VA loans are just as likely to succeed with REO as any other conventional loan, they just take a bit more work and preparation. They can also be competitive, but the competition is fierce for well-priced homes. That may change some over the next few months, since we expect the available inventory to increase. Since February the national foreclosure moratorium clogged things up, but that’s started to loosen. So, patience and persistence will pay off. Hang in there.
With a VA loan, try to get a termite report in advance. The idea is to structure your offer to allow some buyer money to pay for repairs. If you know what the cost will be, you can ask the seller for a specific credit for VA required repairs in your offer, say in lieu of a credit for closing costs, then add the amount to your offer price. Most REO sellers will consider this an attractive offset. If you include the report and the Section I estimate, it would be a compelling offer.
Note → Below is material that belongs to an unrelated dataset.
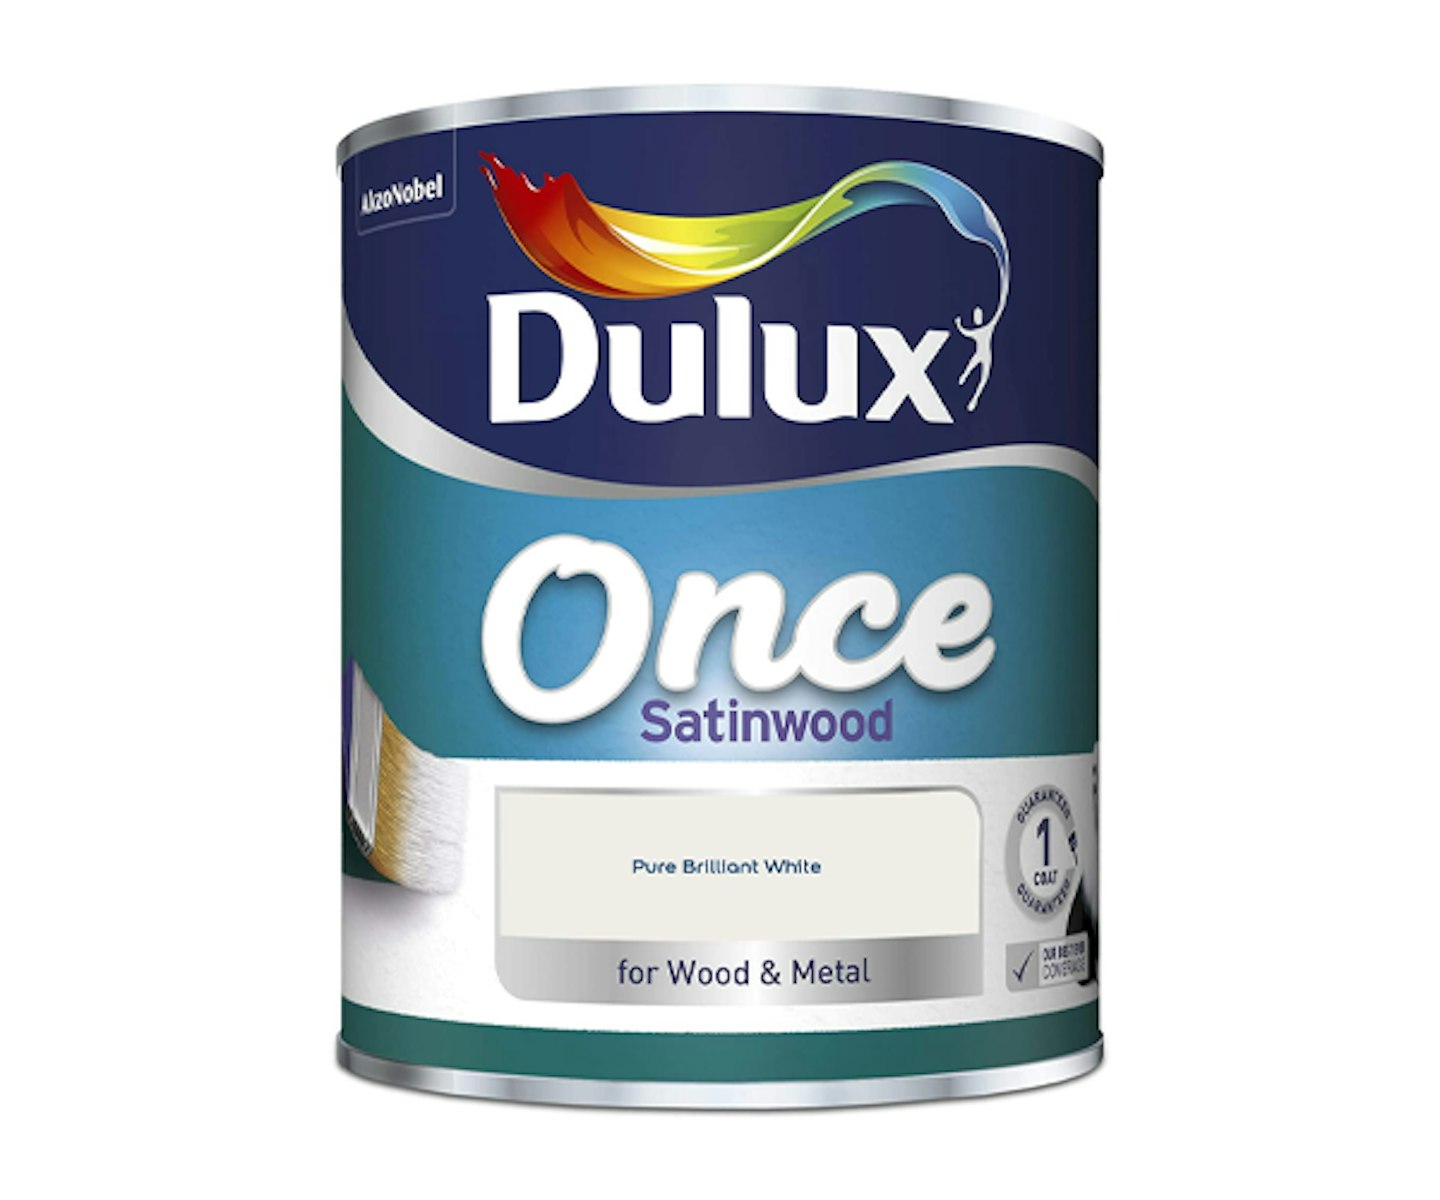 Dulux Once Satinwood Paint
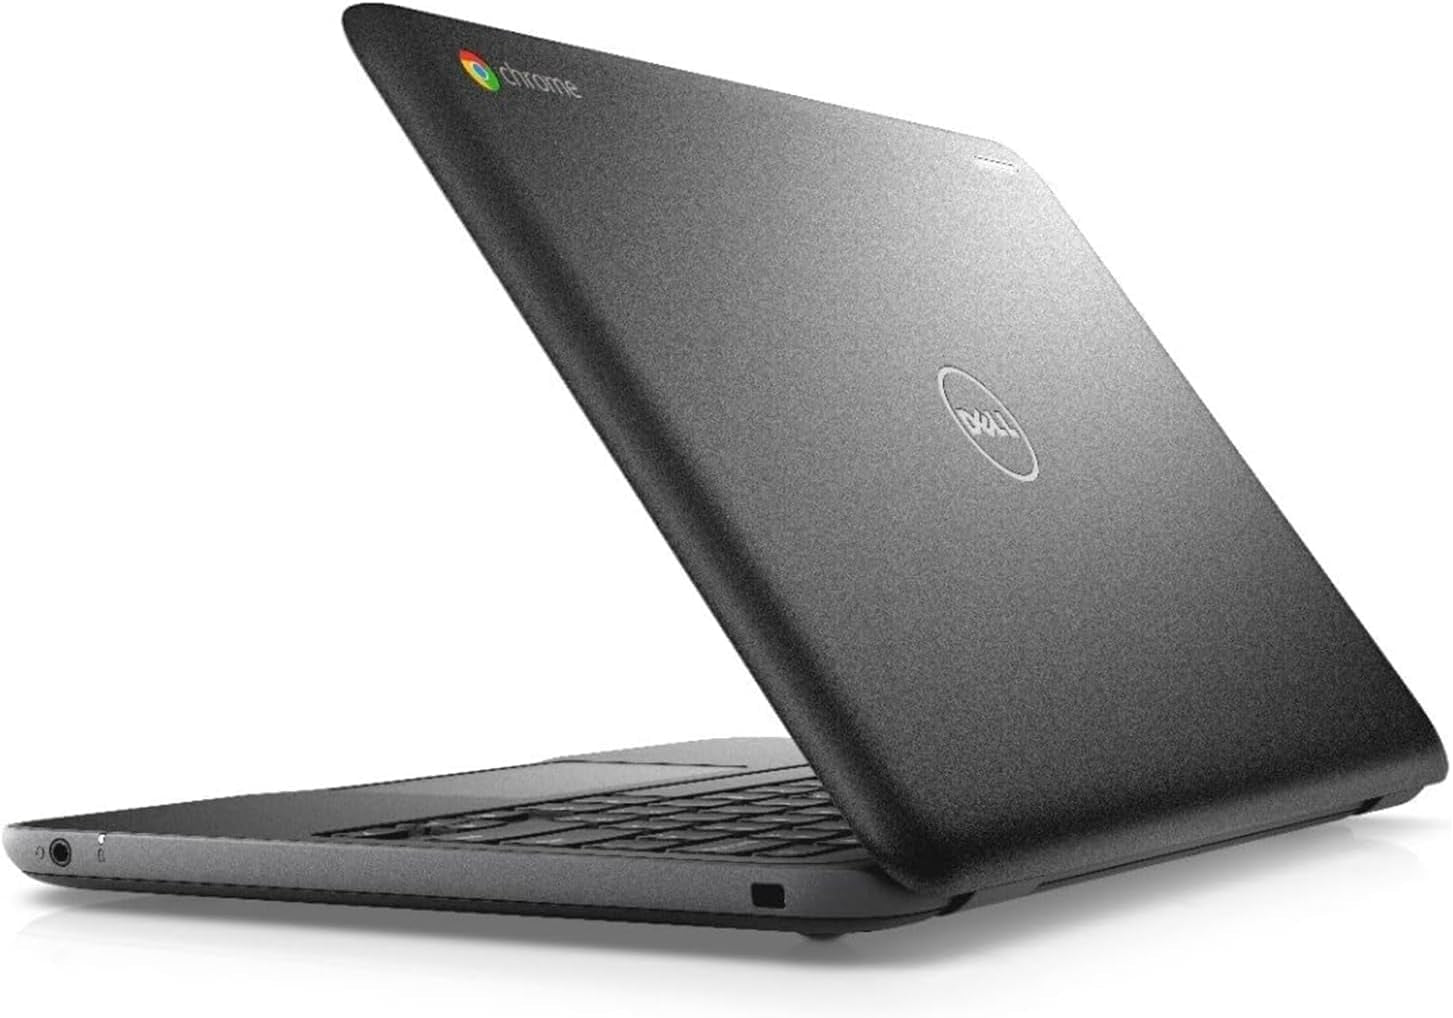 Dell Chromebook 11.6" - 3180 Laptop Computer - Intel Celeron N3060, 4GB RAM, 16GB SSD, Web Camera, Wi-Fi, Bluetooth, HDMI, Chrome OS (Renewed)

Sometimes the listing agent will have a report already, if not call in some favors and get your own. Of course this could get spendy if you have to do it over and again. Keep an extra watch for listings that are seasoned for 60 days or more because there will be less competition, but your VA offer should stand well among multiple offers. Seller will almost always ask multiples for a ‘final highest and best’ counter offer, so you might get a second shot at the price.
There’s a lot of buzz about loan modification, a process where borrower and lender renegotiate the terms of a home loan so that the monthly payments are lowered. Either the interest rate is reduced, or the repayment term is lengthened, or both.
The federal government, that is, both the administration and Congress, seem to think loan modifications are key to correcting the home loan mess. We disagree.
In fact, our opinion is that in general, loan modification only adds to the problem. We read recently where something like 3 out of 4 modified loans re-default within 6 months. 6 months! What are the numbers after 12 months? Basically, loan modifications are just extending bad debt further. This is exaggerating the problem, not solving it. Still, individual borrowers may get some short-term relief from a loan mod.
But be careful! We’ve heard some horrible stories about people who still lost their home to foreclosure after paying lots of front money to “professionals” who offered to negotiate a loan mod. They take your money, do nothing, and then they stop answering the phone.
Always interview more than one lender, ask a lot of questions, and don’t pay anything up front.
If you owe more than your house is worth and are having trouble keeping up with your payments, this is our first recommendation.
Very simply put, a Deed In Lieu of Foreclosure gives the property back to your lender, who forgives the debt, and you walk away mostly intact. You suffer far less damage to your credit and the lender suffers fewer losses than with either a short sale or a foreclosure.
If the circumstances allow it, this is door #1. Ask your lender about it, they should be very helpful in determining if this will work for you. After all, they’re plenty motivated to cut their losses, which are already substantial.
REO means: Real Estate Owned. Generally, this is a term commonly used in reference to bank-owned properties or properties that have been foreclosed.
More specifically, these are properties that revert to the lender after the borrower defaults on the loan. The process is complex, but in the end the lender takes the property back and there is no longer a loan, hence Real Estate Owned.
When I first started in real estate, I thought that REO meant Real Estate Owed. At least that’s what I heard, and it didn’t make any sense. I couldn’t figure it out no matter how my broker explained it to me. What a difference one little letter can make. If only I owned everything I owe.